Welcome to the July 2020 report from the Reproducible Builds project.
In these monthly reports, we round-up the things that we have been up to over the past month. As a brief refresher, the motivation behind the Reproducible Builds effort is to ensure no flaws have been introduced from the original free software source code to the pre-compiled binaries we install on our systems. (If you’re interested in contributing to the project, please visit our main website.)
At the upcoming DebConf20 conference (now being held online), Holger Levsen will present a talk on Thursday 27th August about “Reproducing Bullseye in practice”, focusing on independently verifying that the binaries distributed from
ftp.debian.org were made from their claimed sources.
Tavis Ormandy published a blog post making the provocative claim that “You don’t need reproducible builds”, asserting elsewhere that the many attacks that have been extensively reported in our previous reports are “fantasy threat models”. A number of rebuttals have been made, including one from long-time contributor Reproducible Builds contributor Bernhard Wiedemann.

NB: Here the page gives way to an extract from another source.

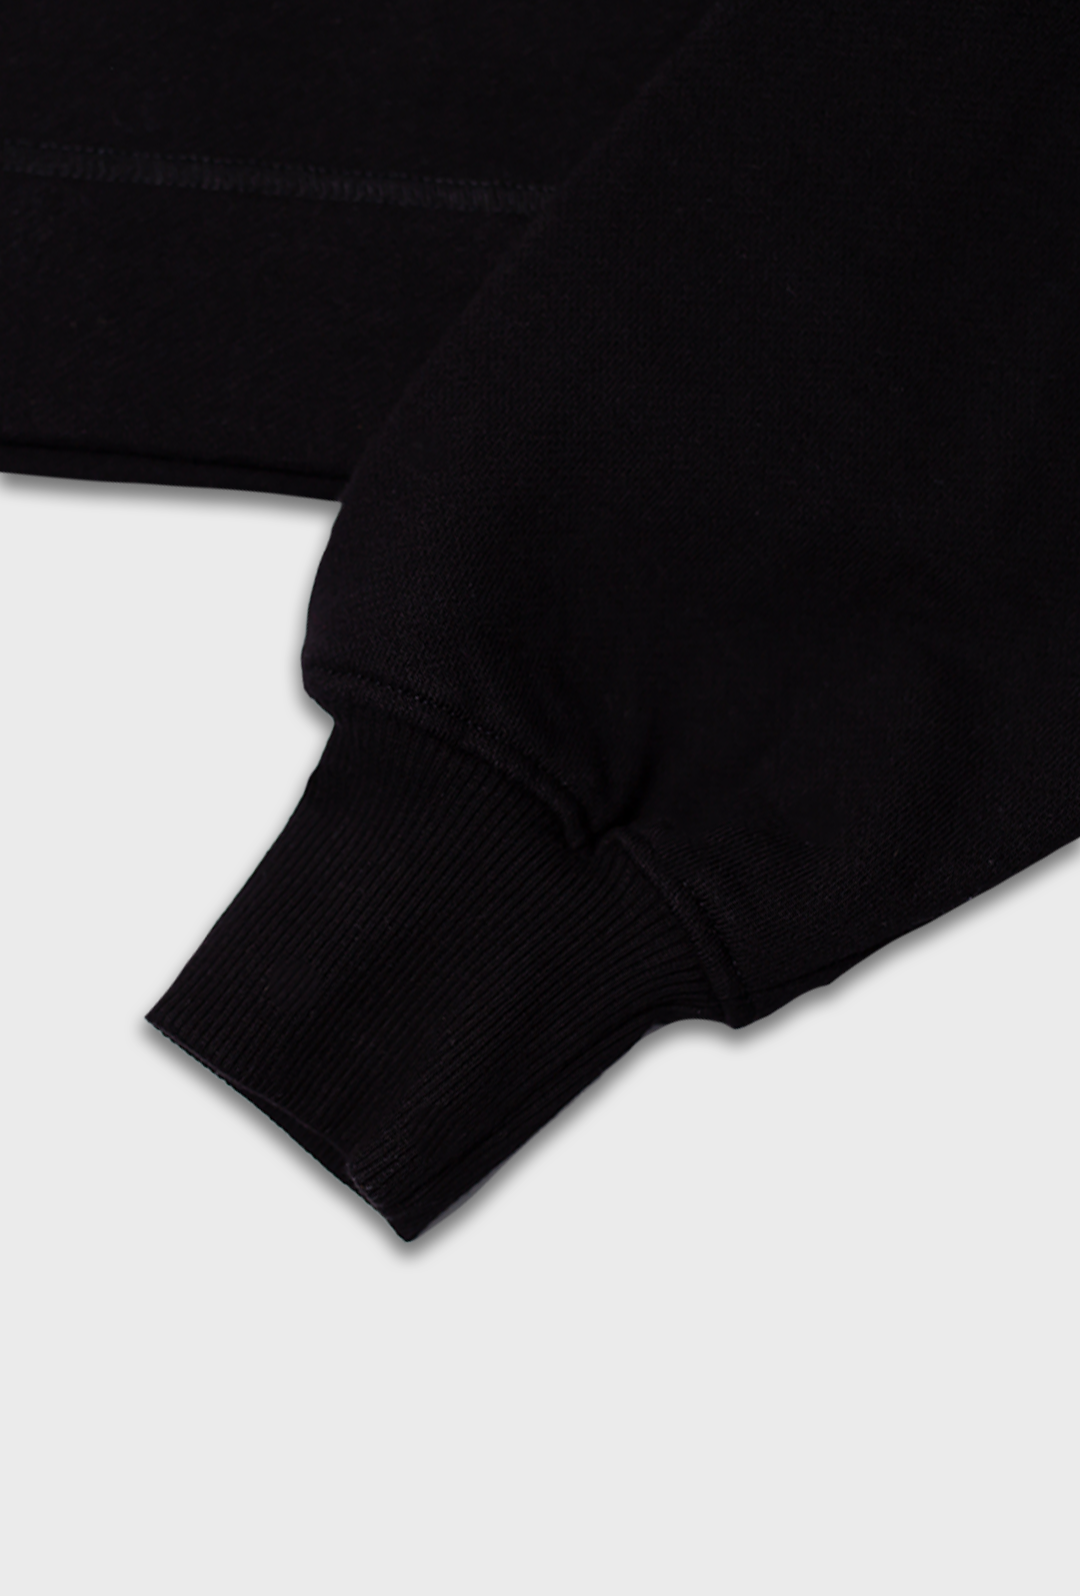 roller clothing cropped midnight black hoodie sleeve french terry fabric

On our mailing list this month, Debian Developer Graham Inggs posted to our list asking for ideas why the
openorienteering-mapper Debian package was failing to build on the Reproducible Builds testing framework. Chris Lamb remarked from the build logs that the package may be missing a build dependency, although Graham then used our own diffoscope tool to show that the resulting package remains unchanged with or without it. Later, Nico Tyni noticed that the build failure may be due to the relationship between the
FILE C preprocessor macro and the
-ffile-prefix-map GCC flag.
An issue in Zephyr, a small-footprint kernel designed for use on resource-constrained systems, around
.a library files not being reproducible was closed after it was noticed that a key part of their toolchain was updated that now calls
--enable-deterministic-archives by default.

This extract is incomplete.